Fabrice Tourre of Goldman Sachs has the distinction of being the only person sued by the Securities and Exchange Commission for fraud in selling mortgage backed securities. While that may remain his primary claim to fame (thanks to a front-page article in the New York Times), there may be a secondary distinction added: the worst handling of computer security ever.

The Times article contains numerous e-mails between Tourre and his co-workers and legal counsel as they prepared for the case. How did the reporters get access to private Goldman Sachs e-mails including attorney-client discussions?

Read more about the gaffe that led to what emails being exposed in public

[From the article:

These legal replies, which are not public, were provided to The New York Times by Nancy Cohen, an artist and filmmaker in New York also known as Nancy Koan, who says she found the materials in a laptop she had been given by a friend in 2006.

The friend told her he had happened upon the laptop discarded in a garbage area in a downtown apartment building. E-mail messages for Mr. Tourre continued streaming into the device, but Ms. Cohen said she had ignored them until she heard Mr. Tourre’s name in news reports about the S.E.C. Case. She then provided the material to The Times.

What does it take to motivate politicians to pass Privacy laws?

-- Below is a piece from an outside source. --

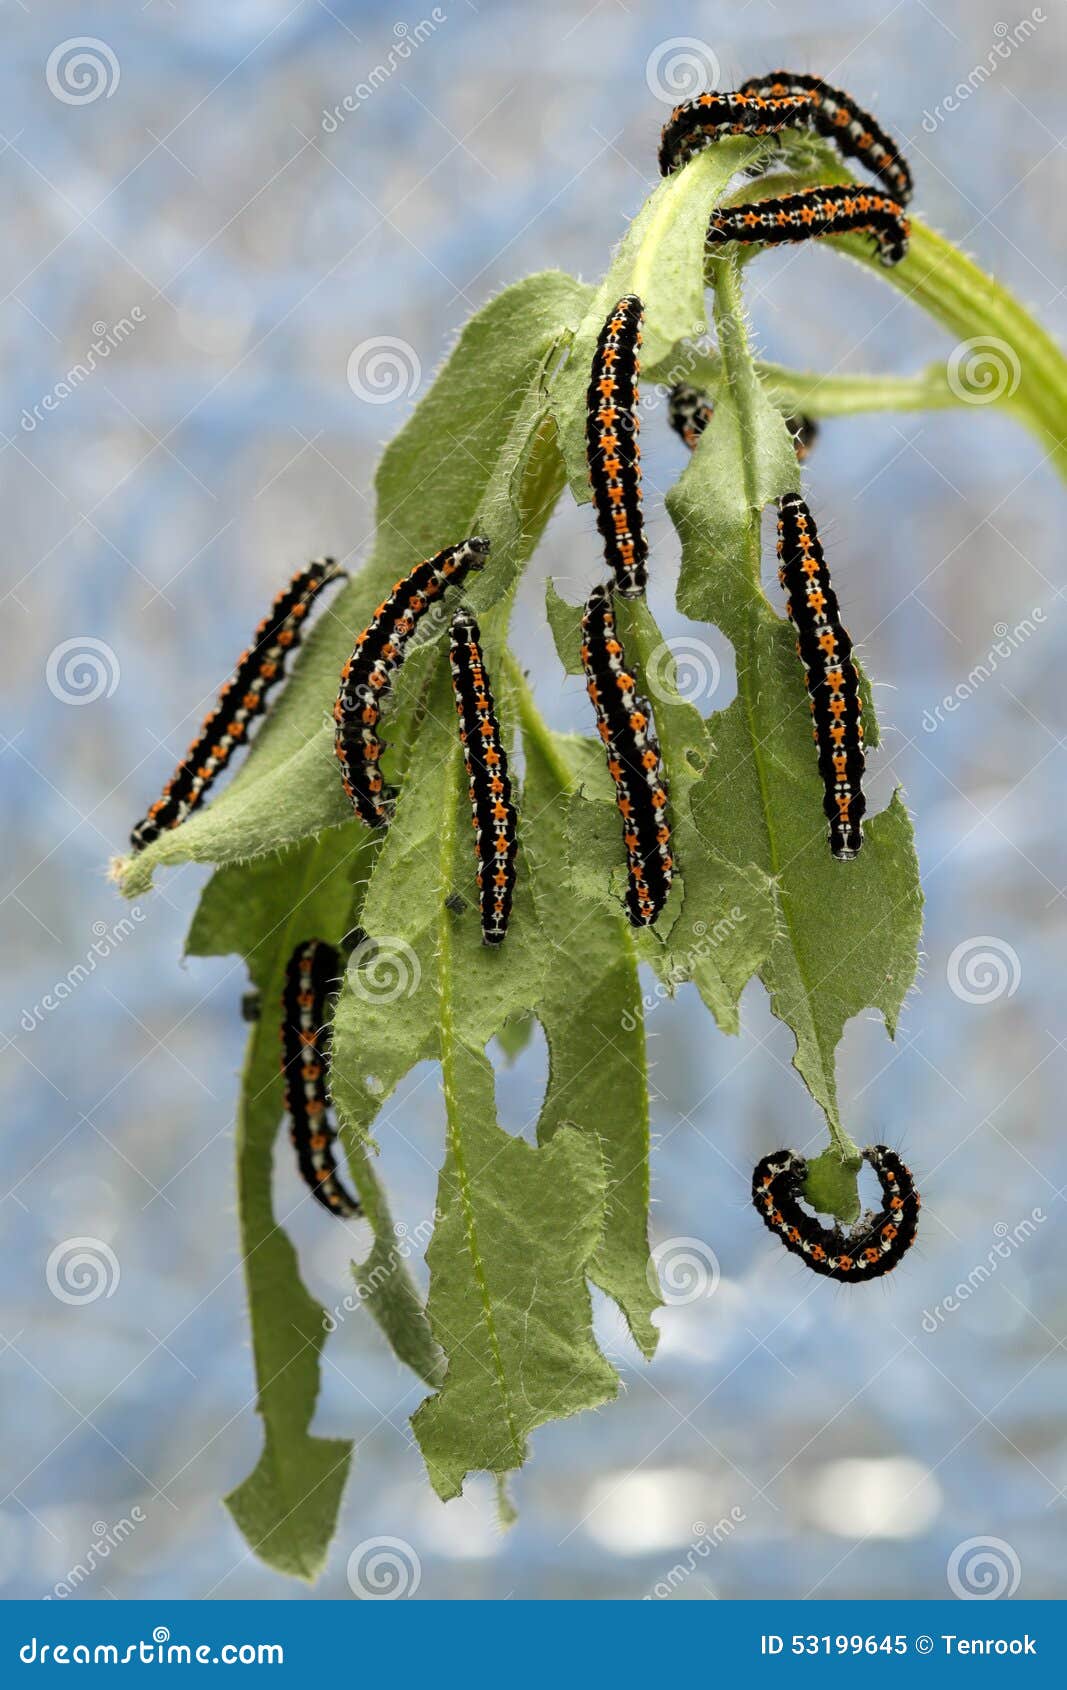 caterpillars devour the leaves

CO: Prostitution-ring records stolen in reported break-in

June 8, 2011 by admin

Another low-tech data theft could have embarrassing consequences. Chuck Plunkett of the Denver Post reports:

Hundreds of documents kept by the former owner of a high-profile prostitution ring in Denver were reportedly stolen Monday in a home break-in.

Scottie J. Ewing, who once owned Denver Players and Denver Sugar escort services — identified by federal agents as a prostitution ring — told Denver police that thieves broke into his home Monday between 6 and 8 p.m., entered an upstairs office and took off with his computer and a large container of files.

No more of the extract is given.